Your task.
Please produce a character-exact copy of the listing that follows, omitting all images.

Recorded data.
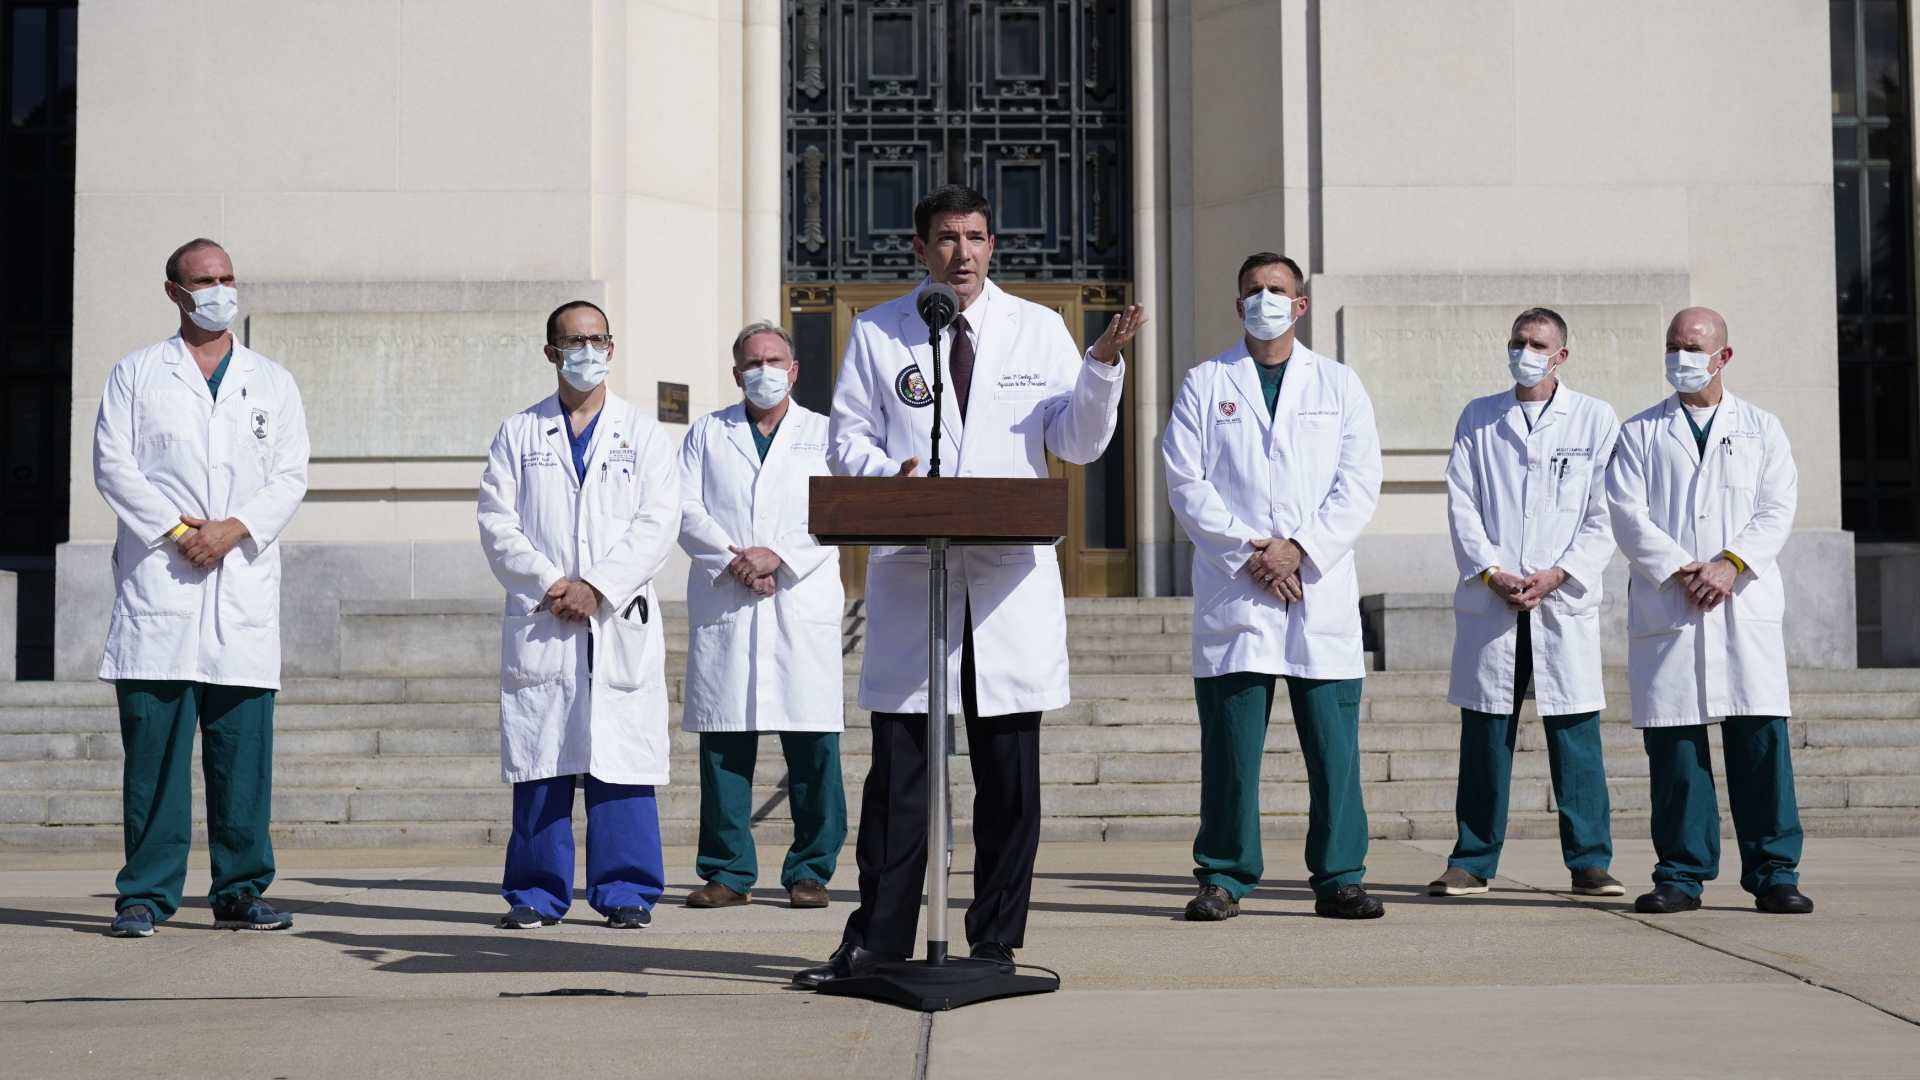 Der Arzt von US-Präsident Trump, Sean Conley, bei einer Erklärung vor dem Walter-Reed-Militärkrankenhaus in Bethesda nördlich von Washington | Chris Kleponis/POOL/EPA-EFE/Shut
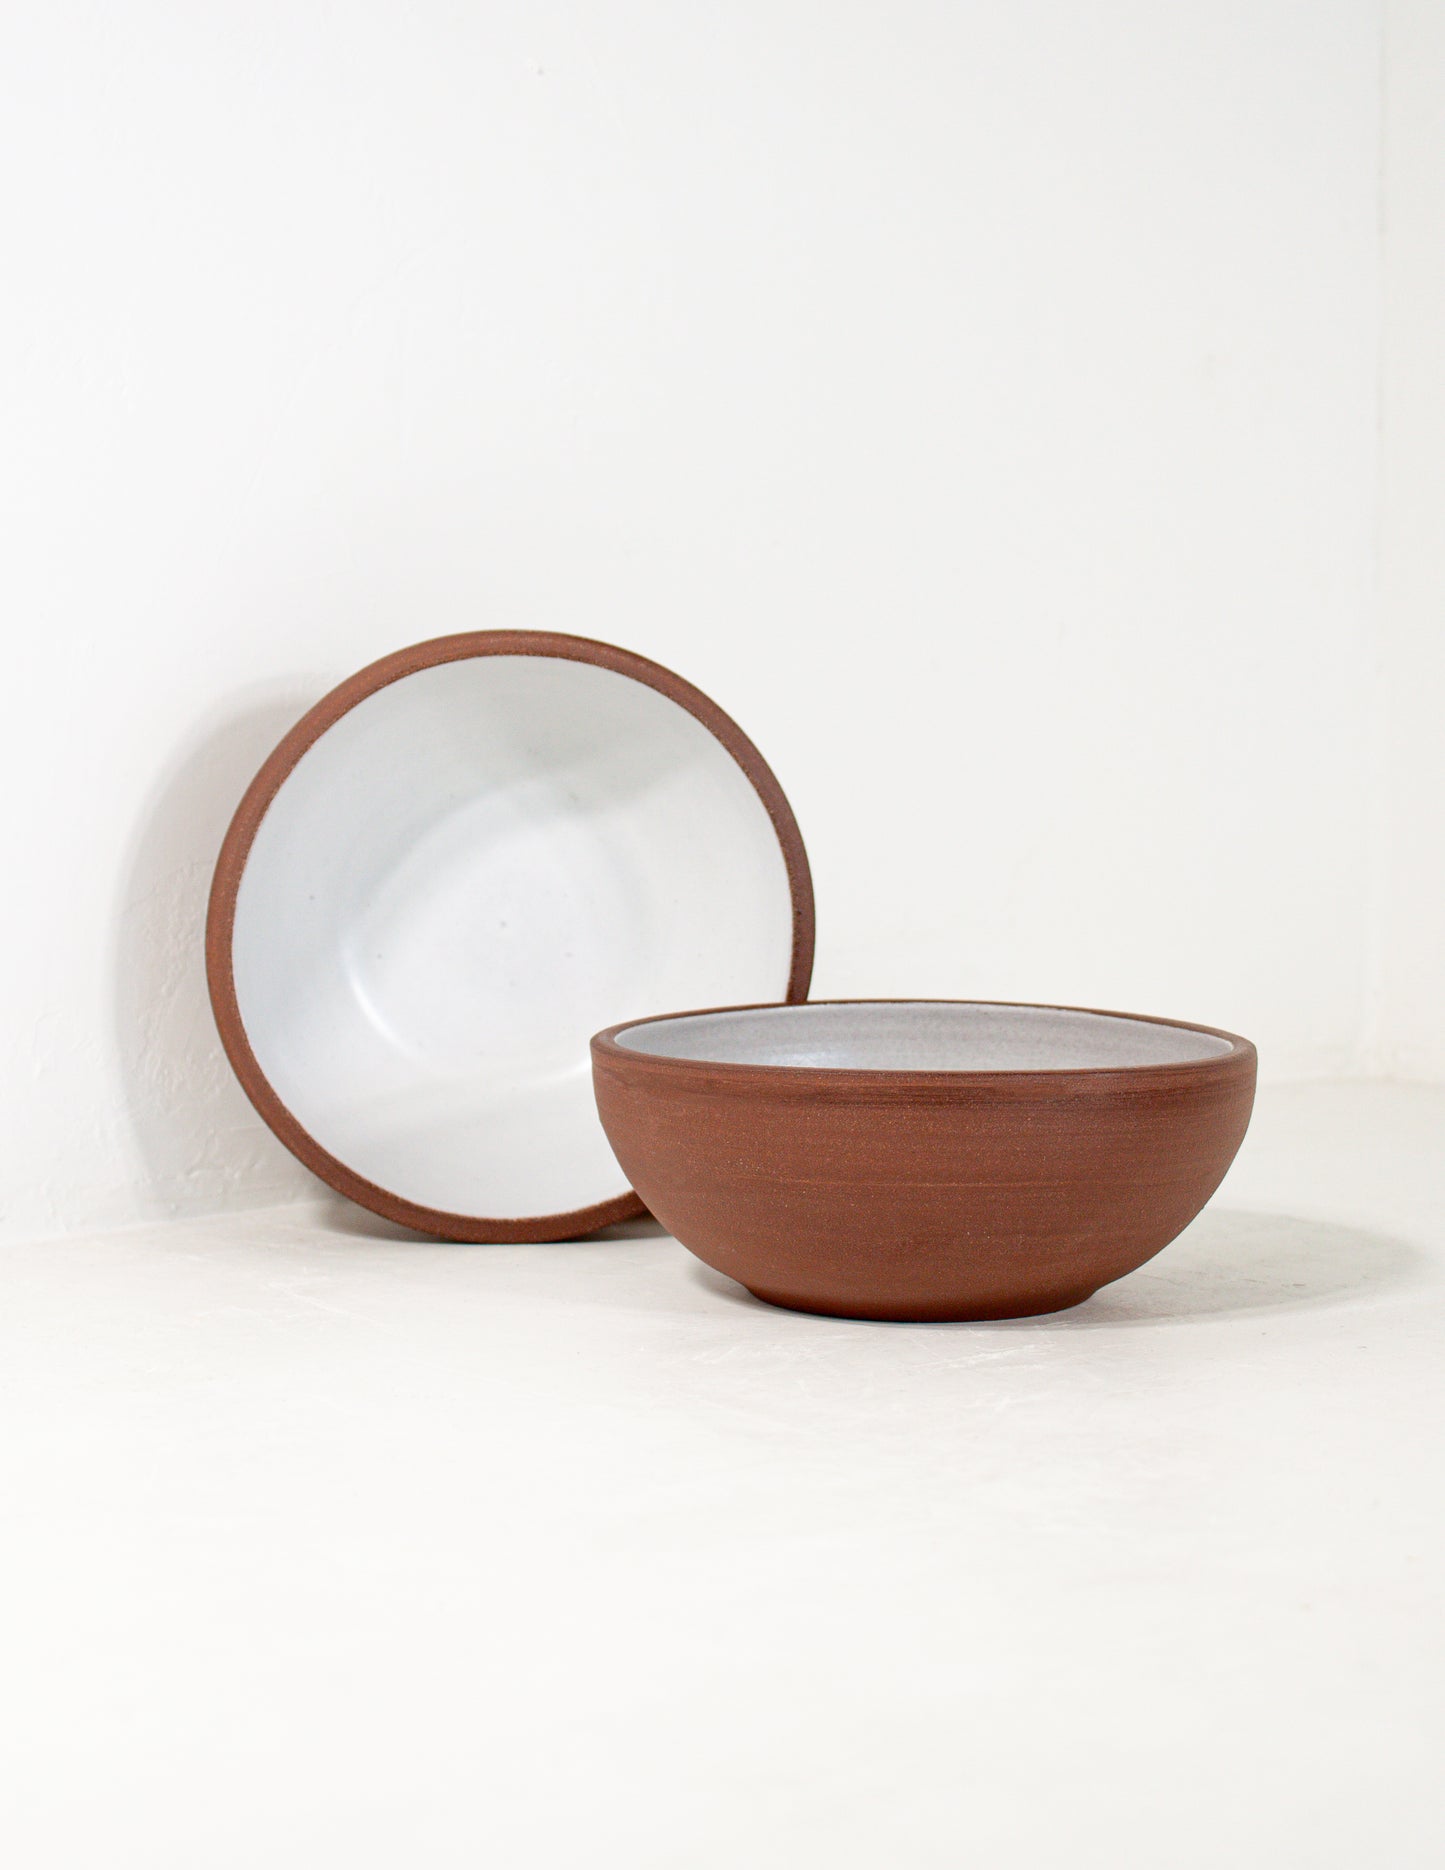 rustic modern handmade ceramic cereal bowl
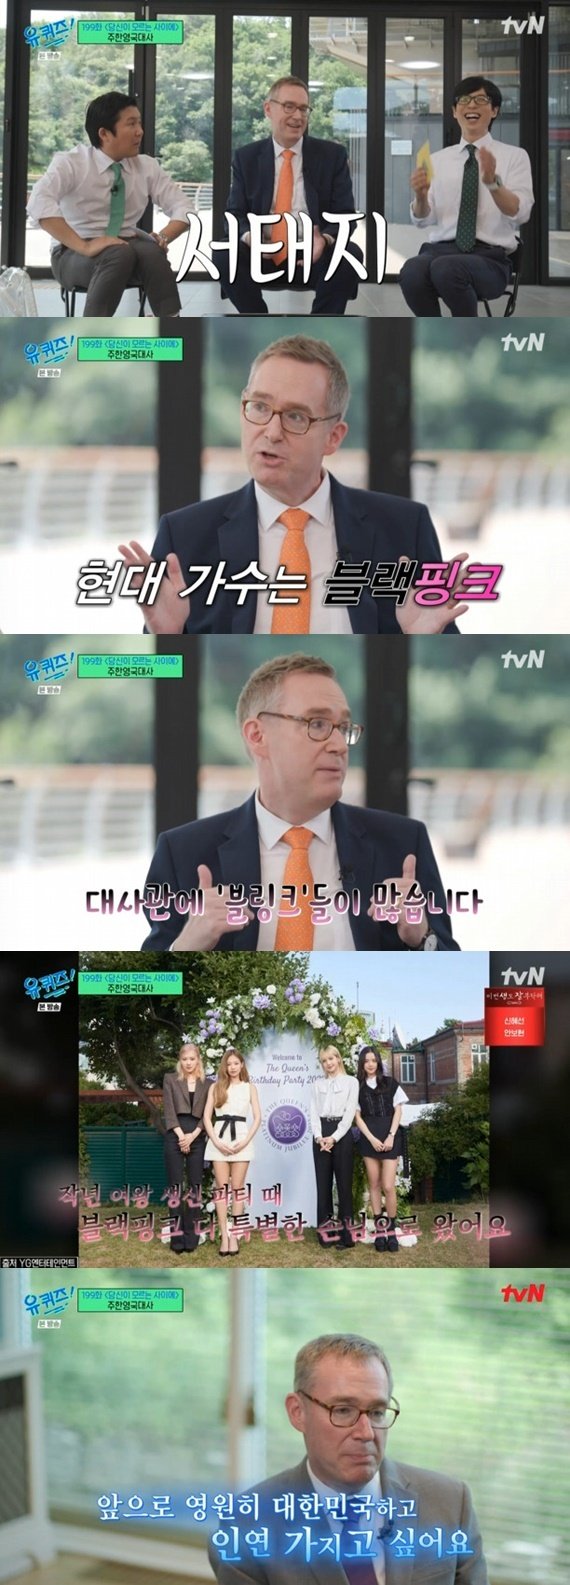 tvN '유 퀴즈 온 더 블럭' 캡처
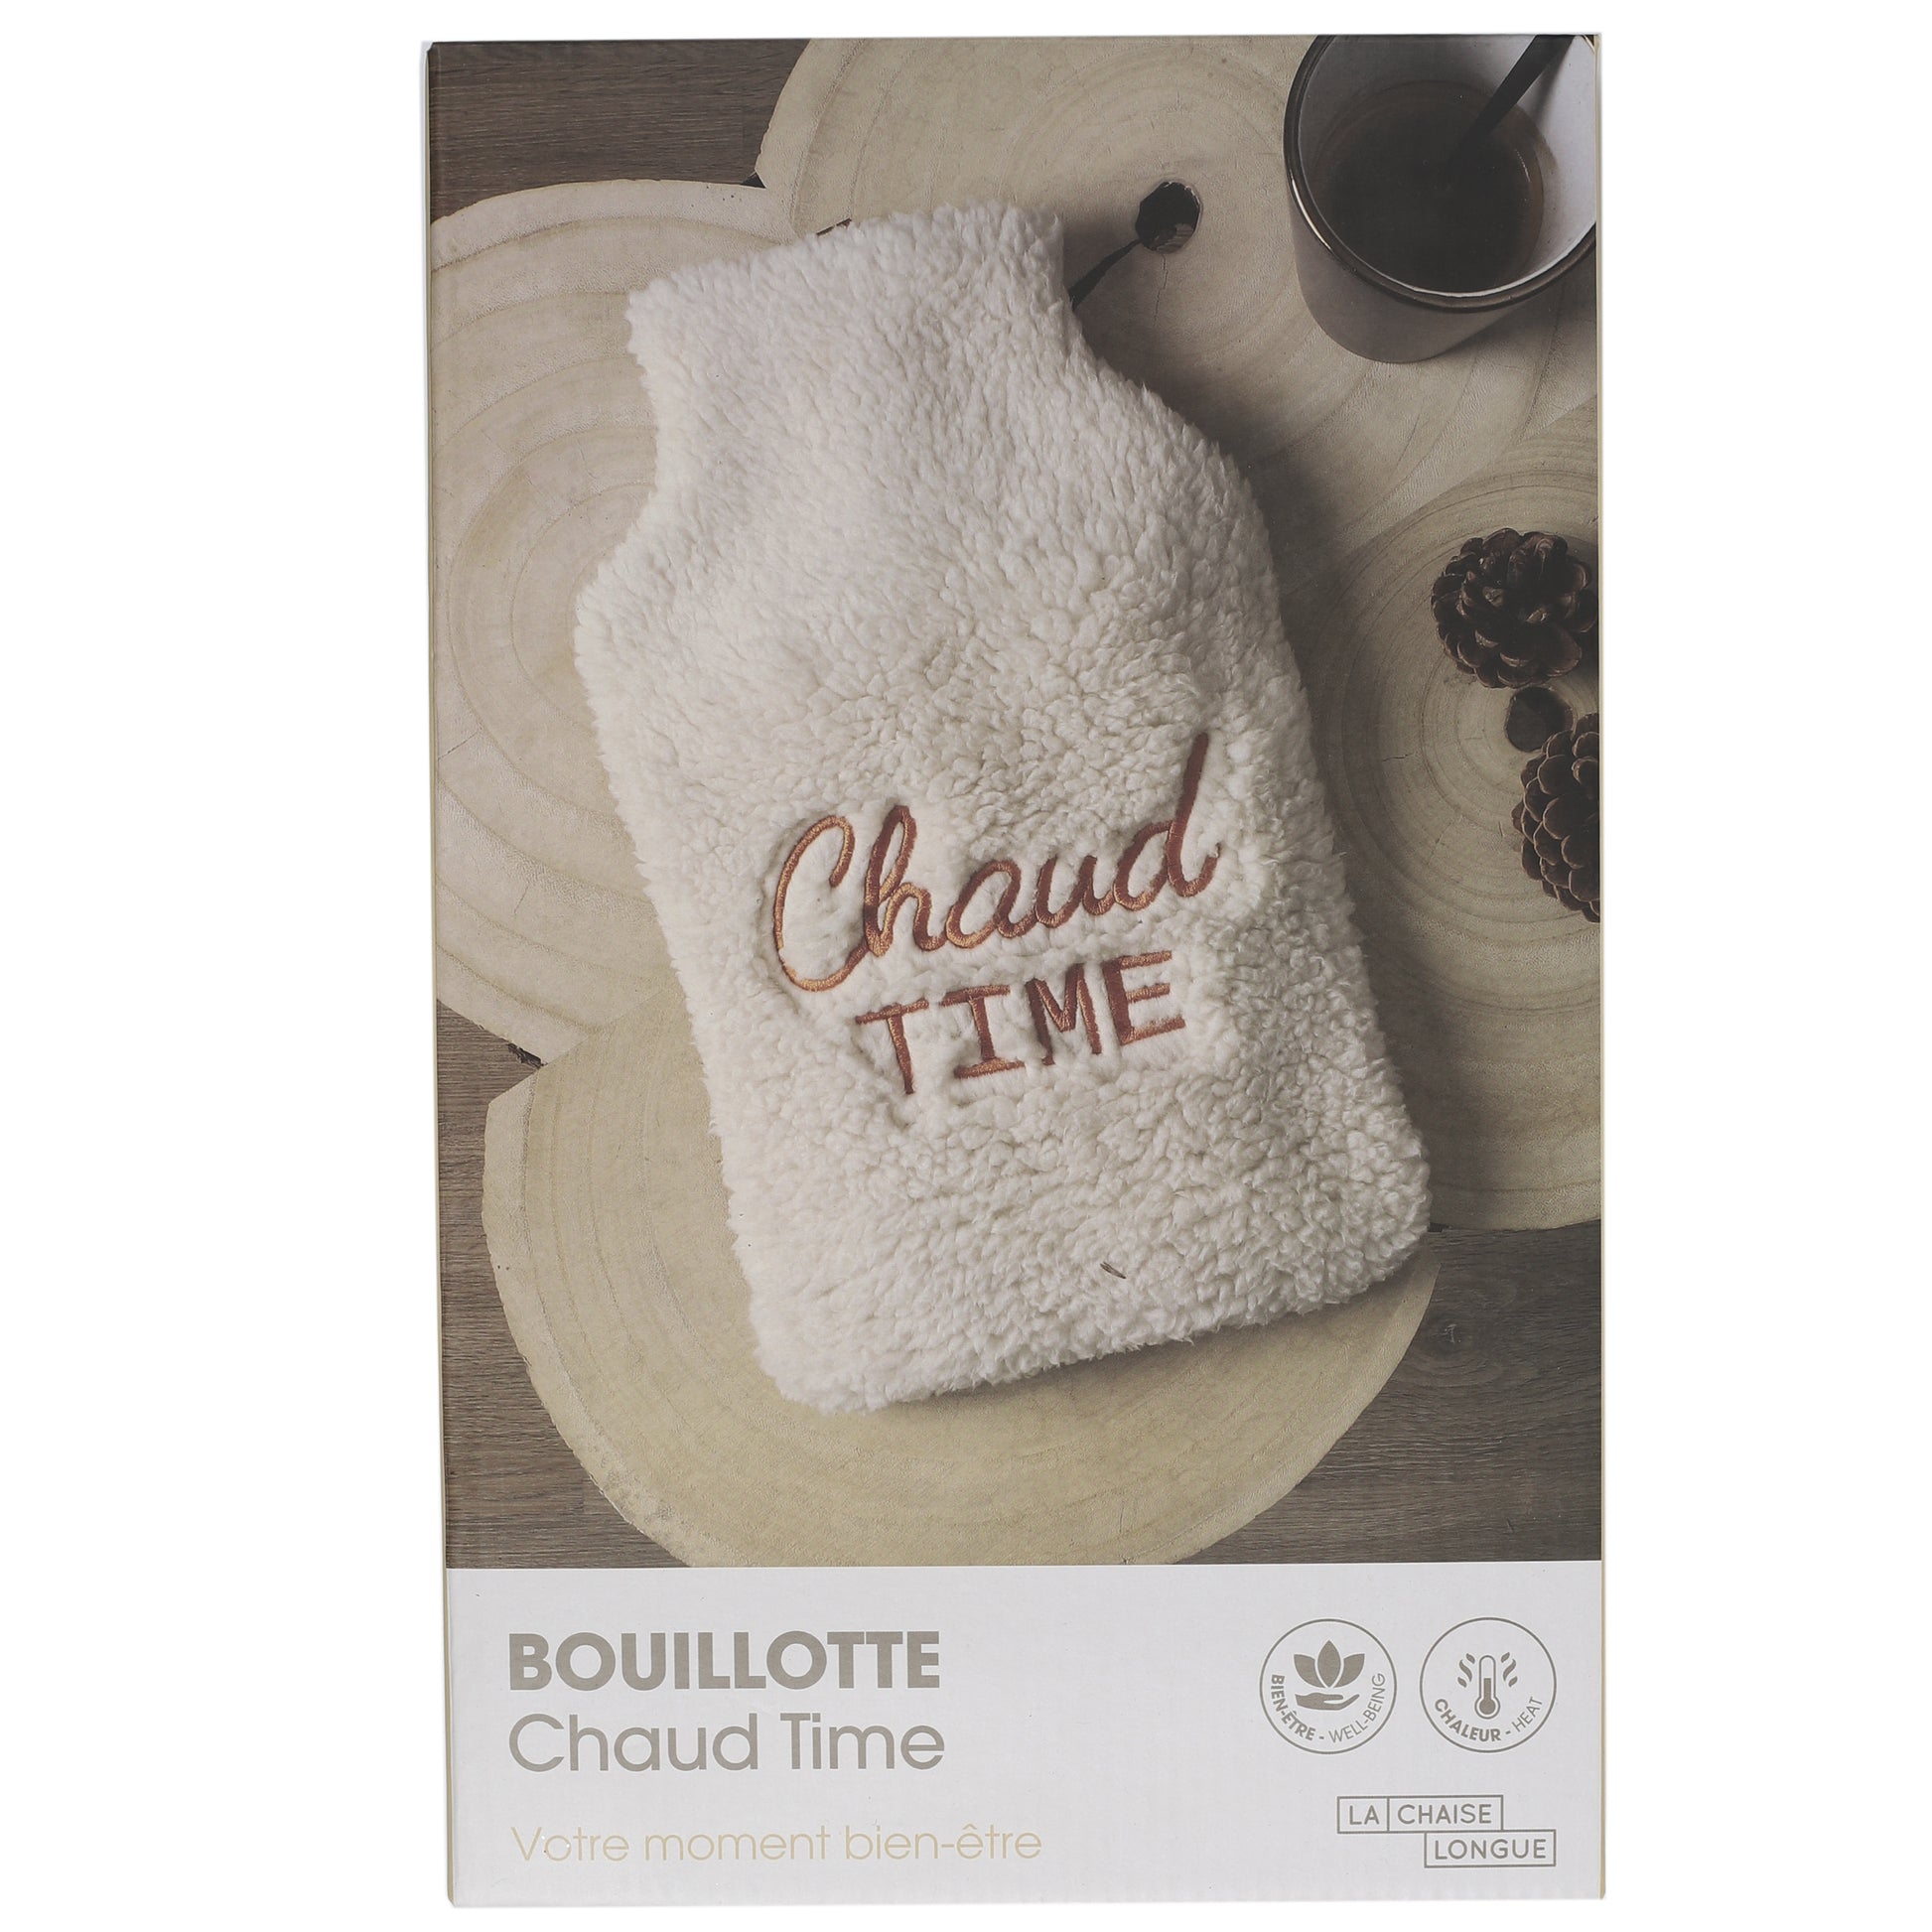 BOUILLOTTE CHAUD TIME - La Chaise Longue

Reply.
 Der Arzt von US-Präsident Trump, Sean Conley, bei einer Erklärung vor dem Walter-Reed-Militärkrankenhaus in Bethesda nördlich von Washington | Chris Kleponis/POOL/EPA-EFE/Shut
 rustic modern handmade ceramic cereal bowl
 tvN '유 퀴즈 온 더 블럭' 캡처
 BOUILLOTTE CHAUD TIME - La Chaise Longue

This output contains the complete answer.